══ GIVEN DATA
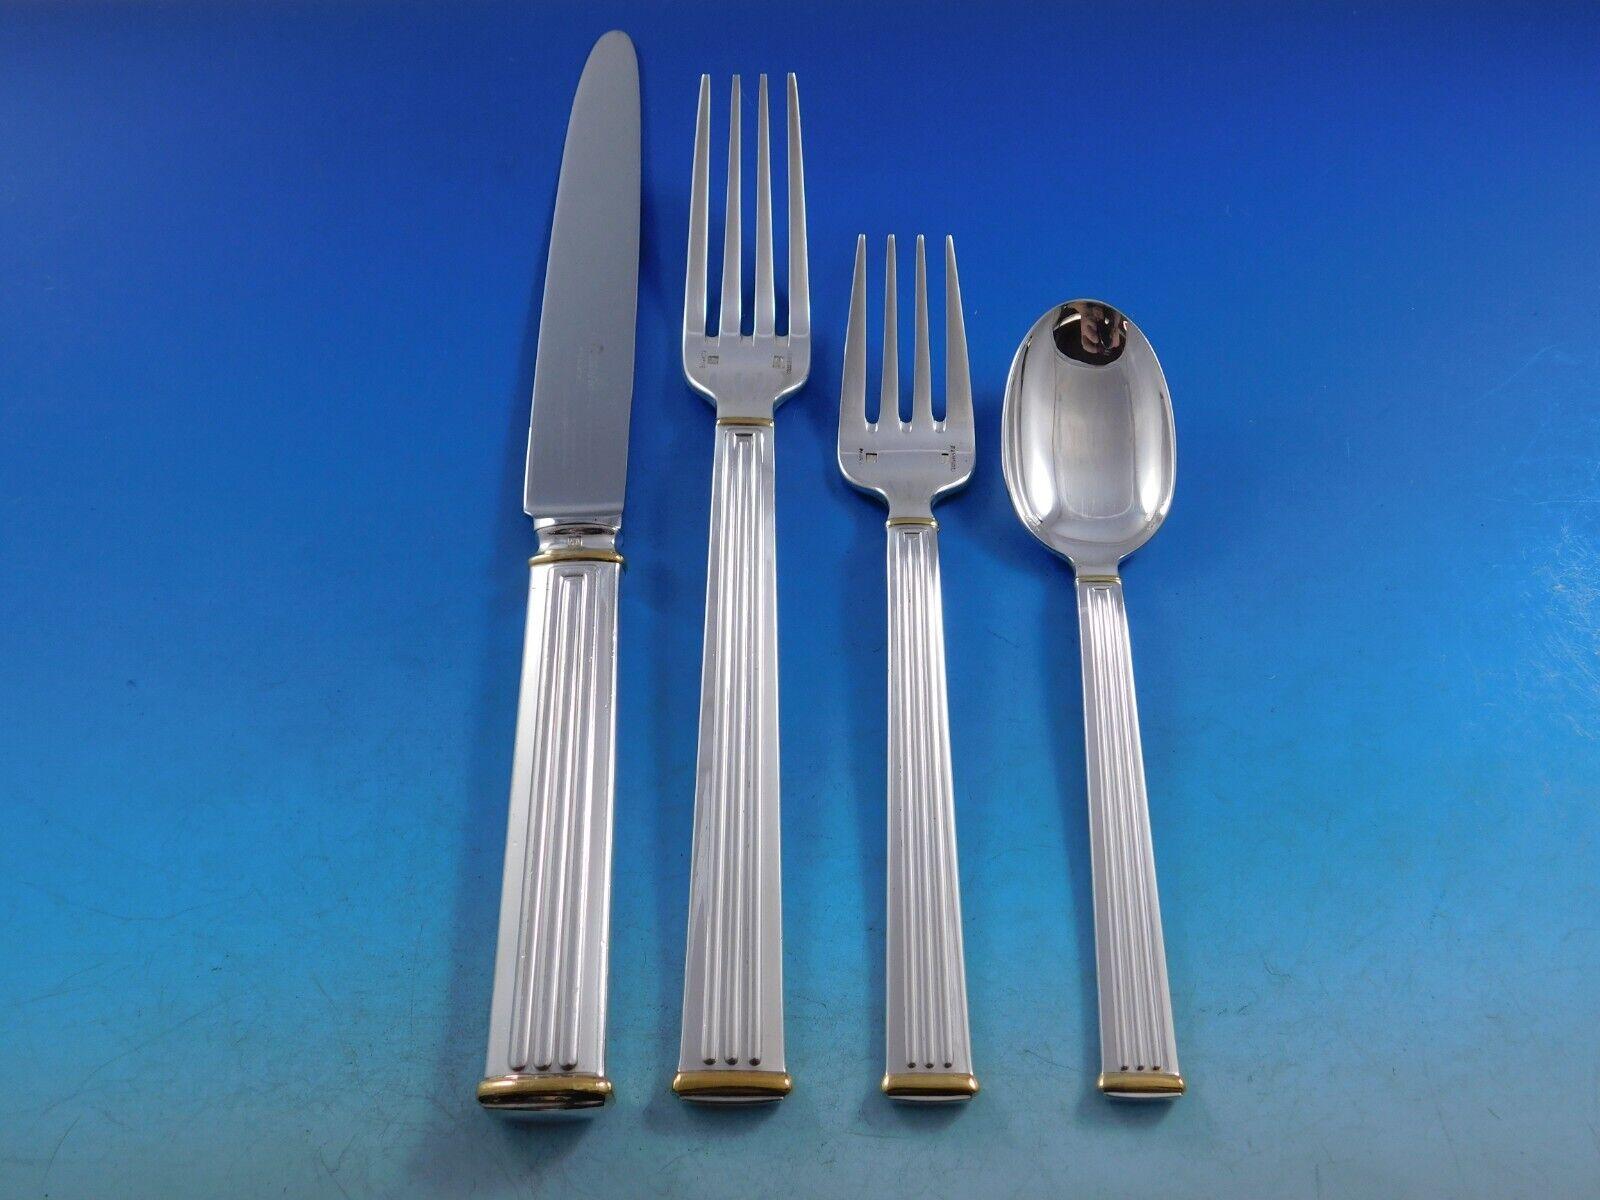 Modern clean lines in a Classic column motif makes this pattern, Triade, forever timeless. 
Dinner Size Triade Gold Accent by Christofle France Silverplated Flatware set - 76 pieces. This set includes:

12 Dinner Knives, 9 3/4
════
- YOUR OBJECTIVE
Return the material from above in full, exactly as written, with the pictures omitted.

- TASK OUTPUT
 Modern clean lines in a Classic column motif makes this pattern, Triade, forever timeless. 
Dinner Size Triade Gold Accent by Christofle France Silverplated Flatware set - 76 pieces. This set includes:

12 Dinner Knives, 9 3/4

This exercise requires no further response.